Steven Spielberg était le 26 mai 2016 l'invité du 365e Discours du Commencement d'Harvard, qui accueille les nouveaux étudiants de la prestigieuse université du Nord-Est des Etats-Unis.
Habituée à suivre les cours des plus grands professeurs et chercheurs, la promotion 2016 du campus a eu la chance d'écouter les sages paroles du réalisateur qui, en costume-basket, a livré un discours plein d'humanisme et de messages politiques anti-Trump.

"Je me souviens de ma propre remise de diplômes comme si c'était hier, probablement parce que ça remonte à 14 ans", a commencé avec humour le cinéaste, faisant référence à ses quelques cours en paléontologie lors du tournage de Jurassic Park.

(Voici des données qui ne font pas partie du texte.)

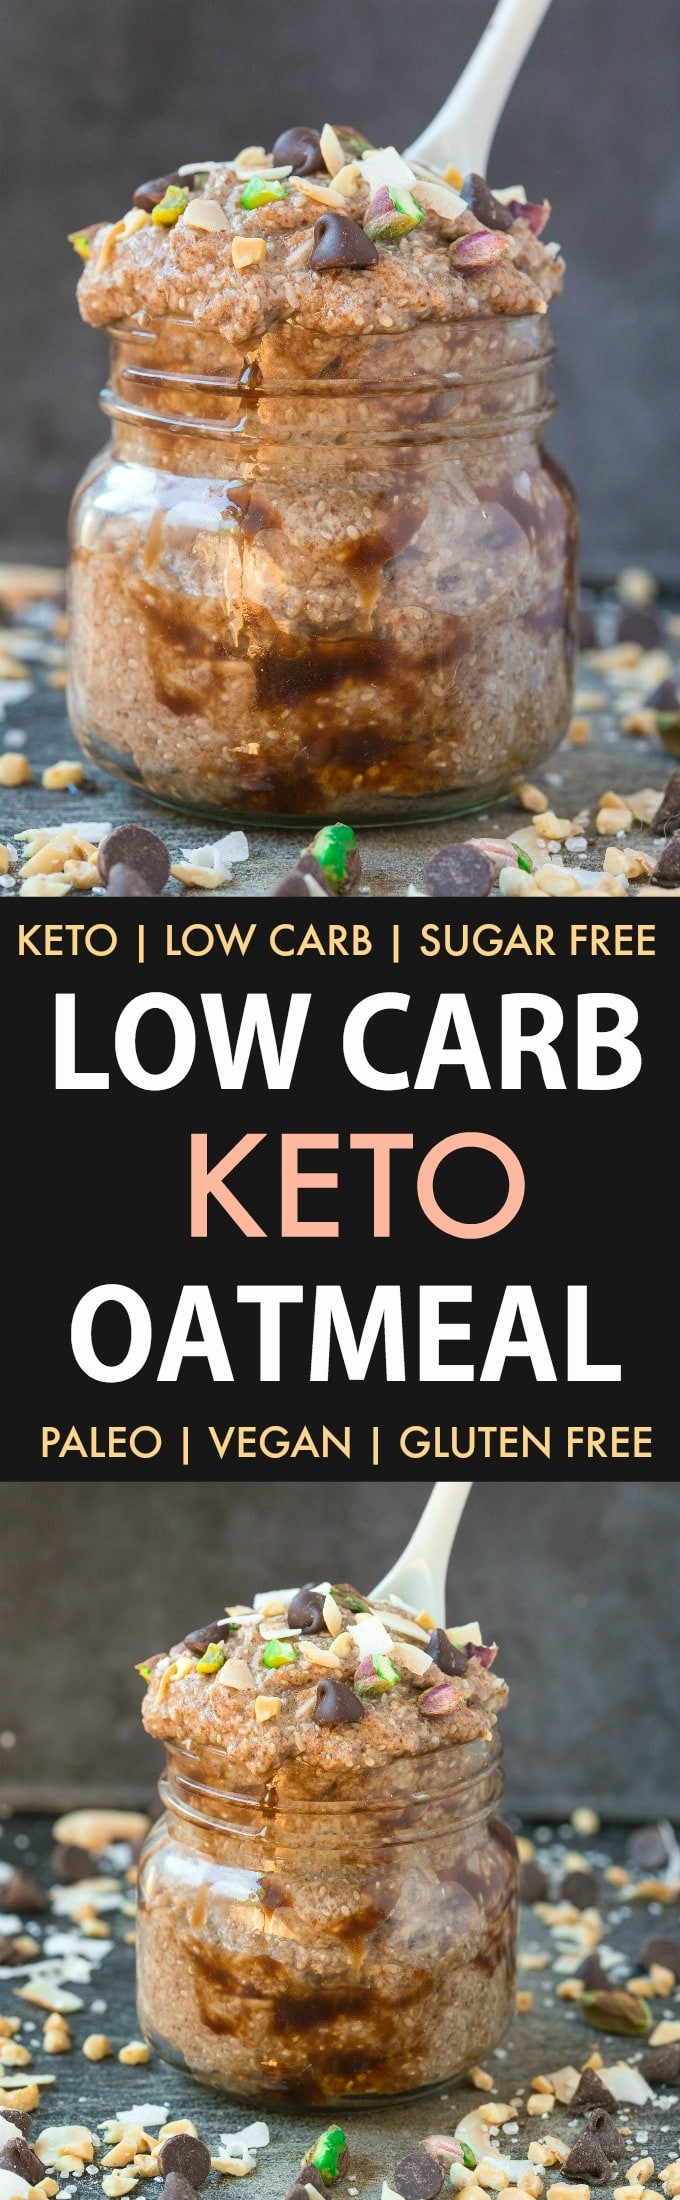 Overnight Oats Healthy Keto
 Low Carb Keto Overnight Oatmeal Paleo Vegan

Steven Spielberg a ensuite orienté son speech sur les dangers des "tendances natio­na­listes" : "Nous sommes une nation d'immi­grés… du moins jusqu'ici", a-t-il expliqué, appelant à lutter contre ces dérives avec des "manifestations pacifiques" et "en votant lors des prochaines élections".
Demandant à la nouvelle génération de "ne pas fuire ce qui est douloureux", le réalisateur de 69 ans a appelé les jeunes citoyens à avoir confiance en l'homme pour vivre dans un monde plus libre : "Le monde est rempli de monstres. Il y a le racisme, l'homo­pho­bie, la haine poli­tique ou reli­gieuse. La seule réponse à l'ampli­fi­ca­tion de haine est l'ampli­fi­ca­tion d'huma­nité. Mon boulot, c'est de créer un monde qui dure deux heures, le vôtre, de créer un monde qui dure toujours. Et j'espère qu'il sera rempli de justice et de paix", poursuit le réalisateur du Bon Gros Géant.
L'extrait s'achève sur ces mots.